Silly question, what is in the
input
folder?
> ls input
barcodes.tsv
genes.tsv
matrix.mtx
Could you also send the tail of each file?
==> barcodes.tsv <==
SE6054_SA56902_S183_L002_R1_001_quant
SE6054_SA56903_S184_L002_R1_001_quant
SE6054_SA56904_S185_L002_R1_001_quant
SE6054_SA56905_S186_L002_R1_001_quant
SE6054_SA56906_S187_L002_R1_001_quant
SE6054_SA56907_S188_L002_R1_001_quant
SE6054_SA56908_S189_L002_R1_001_quant
SE6054_SA56909_S190_L002_R1_001_quant
SE6054_SA56910_S191_L002_R1_001_quant
SE6054_SA56911_S192_L002_R1_001_quant
==> genes.tsv <==
ENSG00000277761
ENSG00000277836
ENSG00000275869
ENSG00000273554
ENSG00000278633
ENSG00000278066
ENSG00000276017
ENSG00000278817
ENSG00000277196
ENSG00000278625
==> matrix.mtx <==
60270 333 2
60271 333 26
60273 333 68
60274 333 436
60275 333 3
60278 333 393
60279 333 258
60287 333 11
60288 333 1.999
60291 333 2
What happens if you do not change your features and barcode files but use
-T
?
too-many-cells make-tree \
--matrix-path input \
-T \
--output input
too-many-cells: matMat : incompatible matrix sizes((333,60329),(155,1)).......................] 0%
CallStack (from HasCallStack):
error, called at src/Data/Sparse/SpMatrix.hs:793:22 in sparse-linear-algebra-0.3.2-8Sr5Y9guRLx7MwdljauHcO:Data.Sparse.SpMatrix
If its helpful, the data are from a new scRNA-seq protocol and I'm using the data from that paper. I got a SingleCellExperiment object and pulled the count matrix from it and wrote it to a mtx file.

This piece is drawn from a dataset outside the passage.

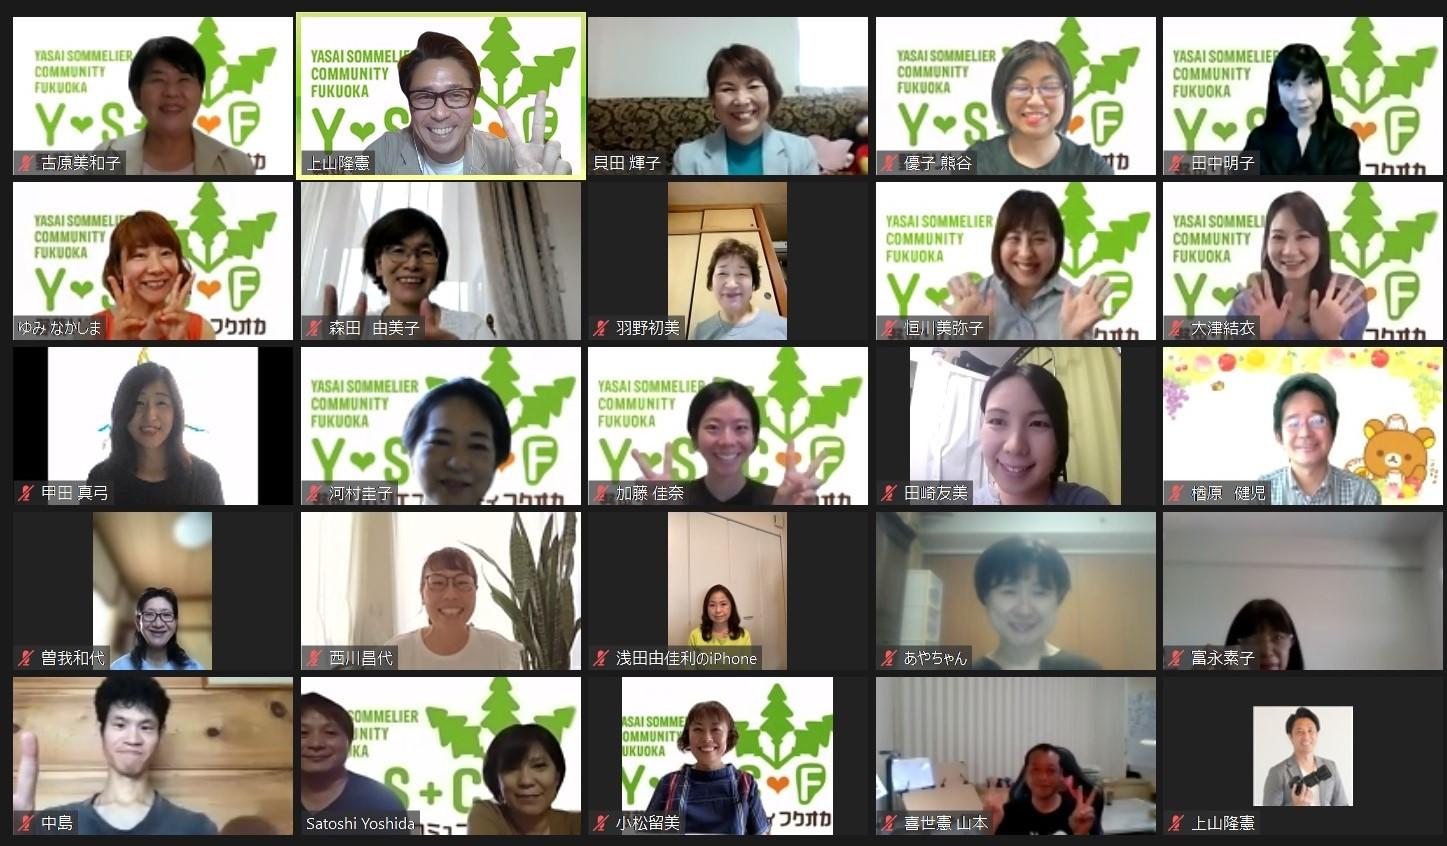 2020年度野菜ソムリエコミュニティ福岡 総会レポート_b0206253_08023957.jpg

I'm a little confused, in the first comment in this thread you had cells as rows, but in the latest one you have them as columns. Which is the original and which error goes with which matrix?

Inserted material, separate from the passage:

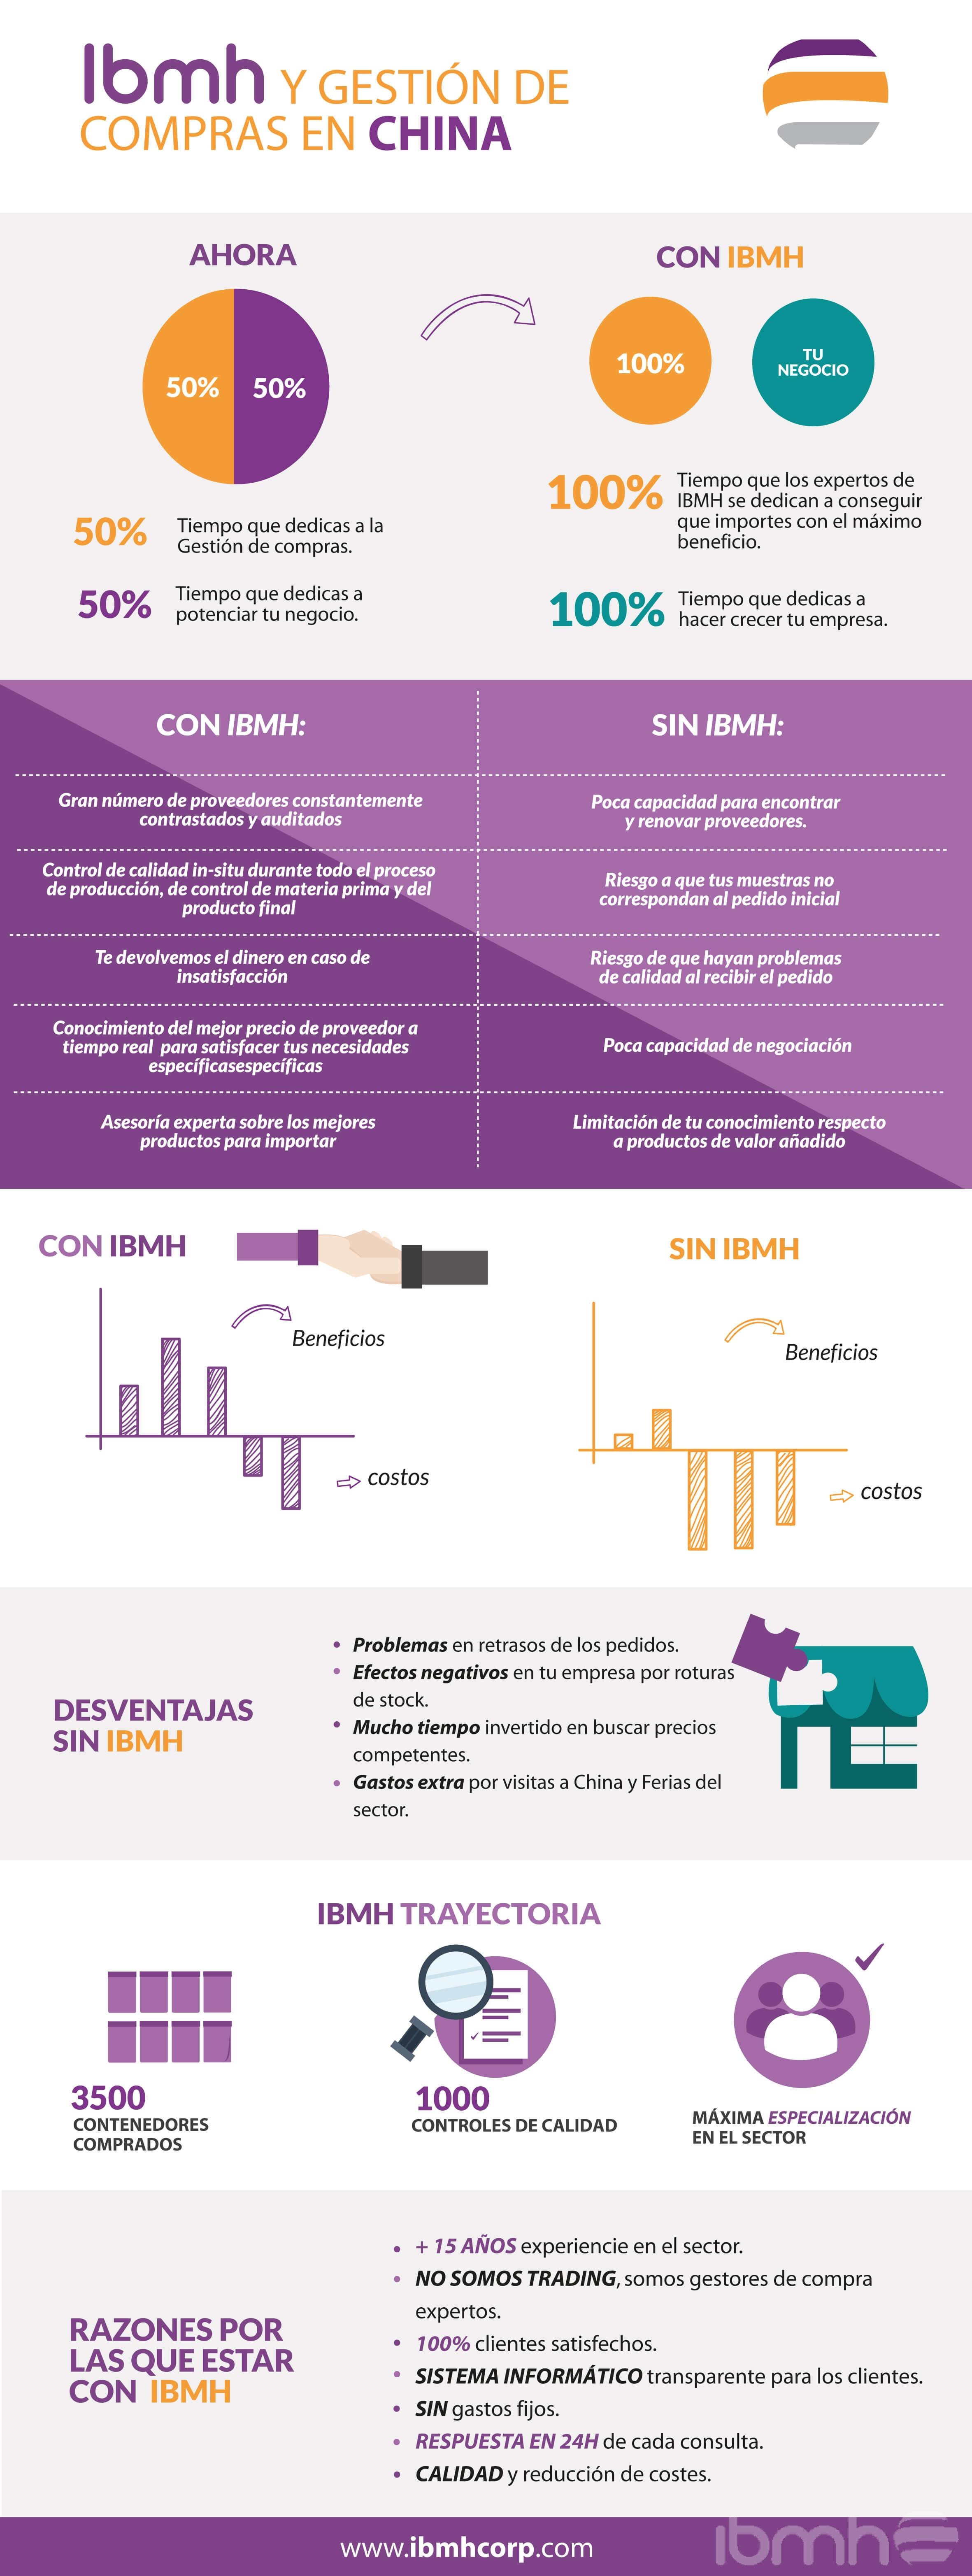 infografia ibmh

Just to be clear, in a perfect world where it works, the matrix should have 333 columns and the barcode file with 333 lines, no transposing, and filters being 0.
Try testing on the example from the TooManyCells workshop to see if it has the appropriate output, and see if the inputs match yours.

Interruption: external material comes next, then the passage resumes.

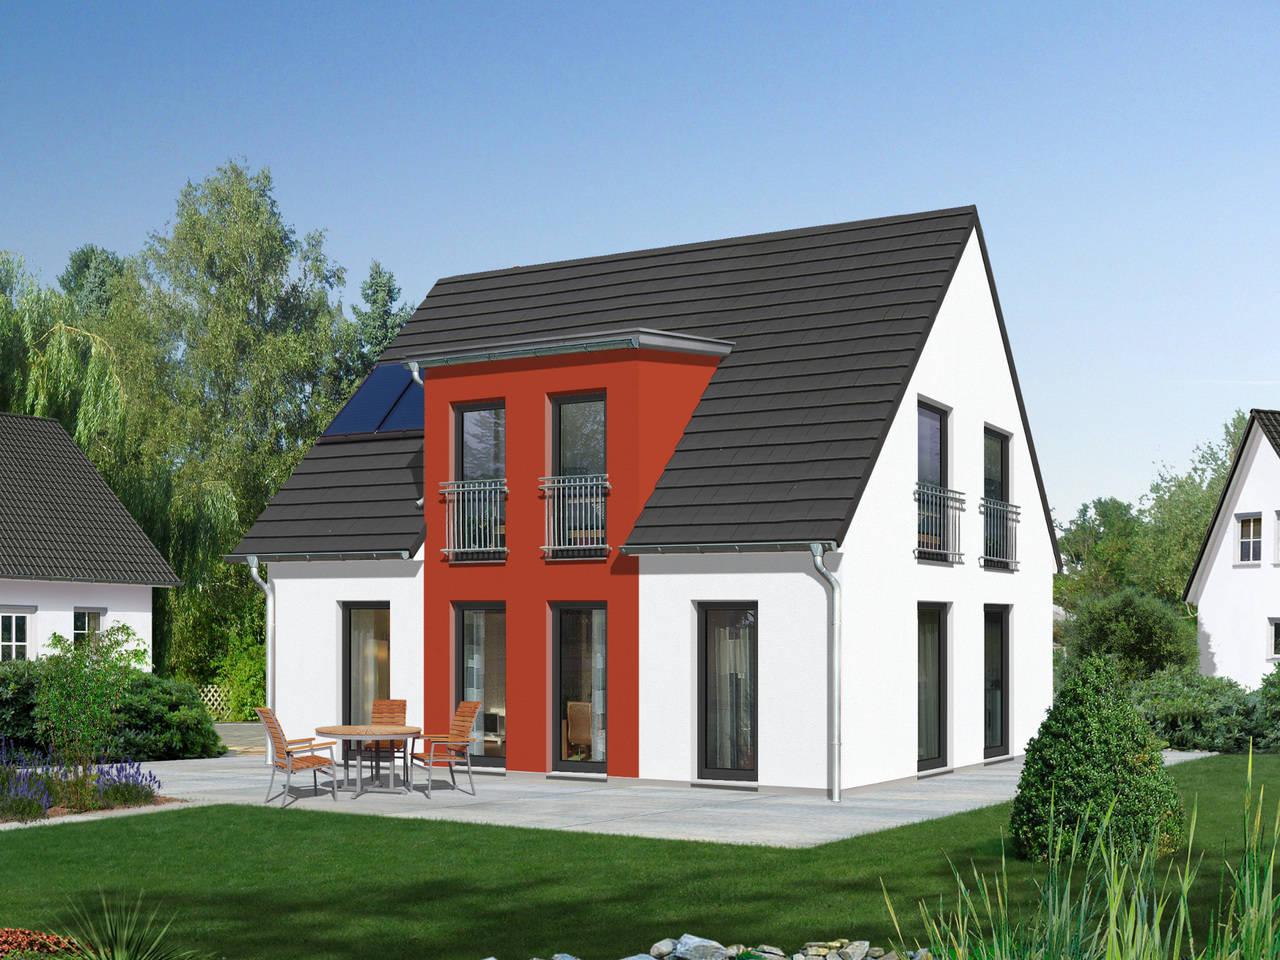 Haus Flair 113 Style von Bauprojektierung Meyer - Town & Country

The first comment had cells as rows and genes as columns and produced that error about mismatched dimensions (incompatible matrix sizes((333,60329),(88,1))
). I did not create the matrix correctly as too-many-cells expected.
The last comment from me is using the same data, but, as expected, with cells as columns and genes as rows. The perfect world scenario also produced an error with different mismatched dimensions incompatible matrix sizes((333,60329),(155,1))
.
In both cases, using the filters-thresholds flag removes the error. When the matrix is set up as too-many-cells expects, only the first cell is present in the output regardless of the filter thresholds values.
Try testing on the example from the TooManyCells workshop to see if it has the appropriate output, and see if the inputs match yours.
I ran this and it worked perfectly. There is probably something up with my matrix - I'm having a hard time tracking down the source of the error. As far as I can tell the inputs match in mtx header and the counts of features and barcodes.
My comment with the dendrogram picture was the only time I did a transpose of the 'wrong' matrix format (like my first comment) and swapped genes/barcodes filenames. Its also the only one that produces results without filters.
Sorry for the confusion and thanks for taking the time to go through this!
The only difference I found between the workshop data and mine is the numeric type - real vs integer:
mine:
%%MatrixMarket matrix coordinate real general
60329 333 2995863
2 1 2
15 1 138.588
16 1 155.831
17 1 61.541
18 1 1
20 1 854.483
21 1 2.003
25 1 35.331
wc -l genes.tsv
60329
wc -l barcodes.tsv
333
workshop brain:
%%MatrixMarket matrix coordinate integer general
%metadata_json: {"format_version": 2, "software_version": "3.0.0"}
31053 1301 4220492
30976 1 73
30974 1 1
30973 1 56
30972 1 2
30971 1 11
30970 1 116
30969 1 123
zcat too-many-cells/workshop/data/brain/filtered_feature_bc_matrix/barcodes.tsv.gz | wc -l
1301
zcat too-many-cells/workshop/data/brain/filtered_feature_bc_matrix/features.tsv.gz | wc -l
31053
Very weird. What if you use a csv? It will be slower but we can see if it has something to do with the mtx file which I think is the culprit.
That worked! The tree also makes more biological sense than the transposed approach. I'll try converting between csv/mtx and figure out where my mtx file is broken.